19 de agosto de 2008

Meia lágrima por uma árvore

Bem no meio da Rua dos Artistas, defronte da Praça São Sebastião - tem outro nome, eu sei - há uma frondosa mangueira, vetusta, majestosa, elegante. Foi plantada há mais de oitenta anos por Marcolina Ayres da Silveira, mãe de minha mulher, Nancy. No "Trevo da Calcinha", encontro da Travessa Inácio Correa com a Avenida Adriano Pimentel, há uma pequena mangueira, juvenil, mimosa, também elegante. Foi plantada há uns quinze anos por Ney Imbiriba, meu irmão.
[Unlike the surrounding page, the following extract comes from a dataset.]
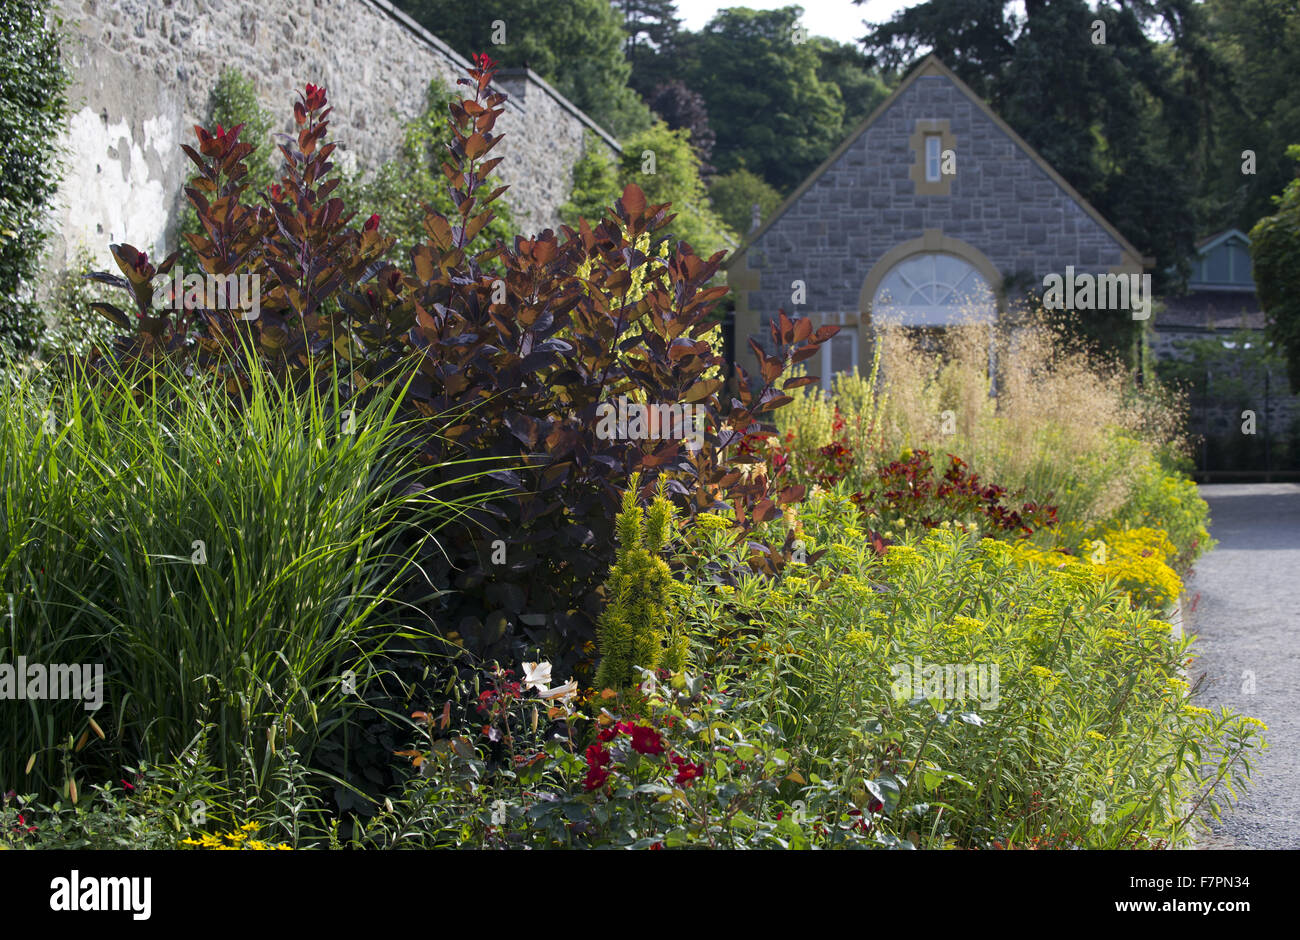 Las plantas que crecen en julio en Bodnant Garden, Clwyd, Gales. Creada por cinco generaciones de una familia, de Bodnant se asienta perfectamente en su espectacular paisaje del norte de Gales. Foto de stock

Pela cidade toda, há belas árvores plantadas por pessoas comuns, como eu e você, que amam a natureza e apreciam o frescor de uma sombra num dia de sol abrasador.

Na Avenida Marajoara havia vinte e duas mangueiras cuja beleza enfeitava e humanizava a aridez da poeirenta via, cujos frutos faziam a alegria da garotada e cuja sombra amenizava a canícula deste clima equatorial. Foram plantadas por moradores daquela avenida, pessoas comuns, como eu e você, que amam a natureza e contribuem voluntariamente para fazer desta cidade um lugar bom para se viver. Todas estas pessoas merecem consideração, reconhecimento. Merecem respeito.

O povo de Santarém não merecia tal bofetada, ofensa tão rude. Já havia um precedente odioso que todos desejavam que jamais se repetisse, o crime do Elmano, o pérfido interventor, abatedor de mangueiras.

Infelizmente, num lapso imperdoável, hediondo crime foi cometido a céu aberto, diante de populares atônitos e incrédulos, filmado pela TV, visto pelo Mundo. Dezenas de belas mangueiras enfileiradas no eixo central da Avenida Marajoara foram abatidas, mortas, assassinadas.

Tratores enormes arremeteram contra árvores indefesas, inocentes vítimas da incompetência, da desfaçatez, da absurda falta de sensibilidade, da distorcida ganância eleitoreira, do absurdo descompasso com as mais simples e comezinhas idéias ambientais. Qualquer criança de pré-escola aprende o valor das árvores, de como elas devem ser cuidadas, preservadas e amadas. Os assassinos de aluguel não tiveram piedade. Cumpriram fielmente o que os mandantes do crime ordenaram. E tudo isto por um falso benefício, inatingível pelo erro do método: compra de votos por asfaltamento de última hora.

Muitos erros foram cometidos, a começar pela postura indefesa dos moradores que, apanhados de surpresa, não se atiraram de encontro às máquinas assassinas, não ergueram barreiras com seus corpos, não envolveram as mangueiras com seus abraços, não impediram que o crime fosse cometido, não protegeram as árvores que plantaram e regaram com as próprias mãos. Alguns residentes da Marajoara foram condicionados pelo ativismo político manipulador que institui associações de moradores à sua feição para que falsamente legitimem seus escusos interesses. Foram enganados e se tornaram cúmplices do bárbaro crime.

A Secretaria de Infra-estrutura confessa, com argumentação pueril, que não planejara a obra de asfaltamento, por isso mesmo não previra canteiros e ilhas de proteção das árvores e prevenção de acidentes. Na pressa de completar a obra eleitoreira, ordena o injustificável crime, contrata os assassinos e põe por terra o intento imoral. Em lugar de votos recebe a repulsa de um povo indignado. Se os responsáveis queriam ajudar a patroa deram com burros n'água e colhem frutos da incompetência e da falta de ética.

O Instituto Sócio-ambiental se apresenta aos olhos do público como entidade apática, displicente, alienada do governo a que pertence, sem vez e sem voz. A ideologia ecológica que deveria permear toda a estrutura governamental simplesmente não existe, ninguém obedece aos princípios mais elementares da sustentabilidade ambiental. O ISAM não se respeita e ninguém respeita o ISAM. Não houve vigilância. O ISAM não cumpriu seu papel.

De tudo isto resta imensa tristeza, desconsolo profundo, maiores do que a revolta e a indignação pelo crime cometido e por comprovar que pessoas que tiveram minha consideração não merecem respeito.

Meu pranto indignado chora seco meia lágrima por árvore abatida.